St. Josemaria had a rich personality that combined seeming opposites. He could demonstrate manly strength without harshness and motherly gentleness without effeminacy. He could be sincerely friendly and bluntly honest. He could show deep sorrow and weep, although most if the time he was bubbling over with cheer. He could inspire with great ideas and then joke around and have fun. St. Josemaria could very naturally move back and forth in his conversation from everyday things, like the score of a soccer game, to something profound, like the need to reflect Christ in one’s most ordinary actions.
The way Josemaria related to others was also very attractive. He had impressive natural gifts. He had special graces God gave him as a founder. He was also always generous in responded to what God wanted. At the same time, the people he dealt with were younger, less experienced, less intelligent, not as well educated, less close to God, and even less virtuous. Nevertheless, Josemaria lavishly affirmed and encouraged his spiritual children. He entrusted important tasks to them well beyond what they thought they could do. Then, in attempting to carry out those initiatives, they would develop their own powers so they could do more than they had ever dreamed. Fr. Escriva was never a controlling person. Instead, he prepared others to carry on without him.
St. Josemaria possessed the virtue of availability.
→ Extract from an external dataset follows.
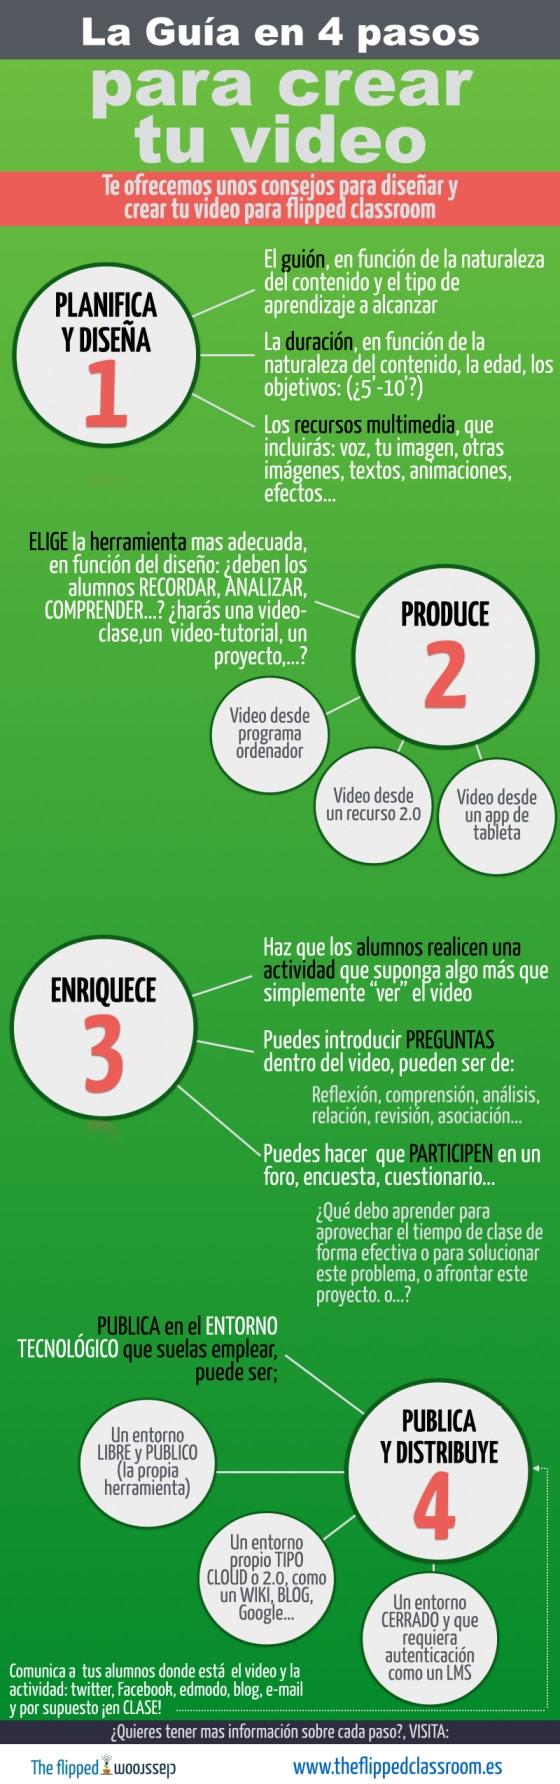 Guía para hacer un vídeo en 4 pasos para flipped classroom

The available person is one who is superior to you but who cares about you, listens to you, and acts for your true good. He makes you feel truly valued, like he is lucky to serve you. This was St. Josemaria. He forgot about himself and gave himself generously. He was the opposite of the self-centered egoist. He was also the opposite of the con man who warmly feigns interest to manipulate you.
These qualities—and others—made St. Josemaria truly charismatic. He transformed lives. He could meet a youth and in a few minutes create the basis for a life-long, faithful vocation. It makes sense that God would give this gift to a founder. It even sheds some light on how Jesus Christ, the perfect man, could so quickly call disciples who would followed him for the rest of their lives. It might seem shocking to say this, but had Josemaria used his gifts for selfish purposes he could probably have become one of the great villains of the twentieth century. St. Josemaria is also a lesson in how those enormously talented tyrants could, instead, have done so much good if they had made better use of their freedom.
Josemaria died in Rome on June 26, 1975. Blessed Pope John Paul II declared him a saint on October 6, 2002 in the presence of over 300,000 people. Today, Opus Dei is established in sixty- six countries with 95,000 lay members and priests. St. Josemaria’s feast day is June 26.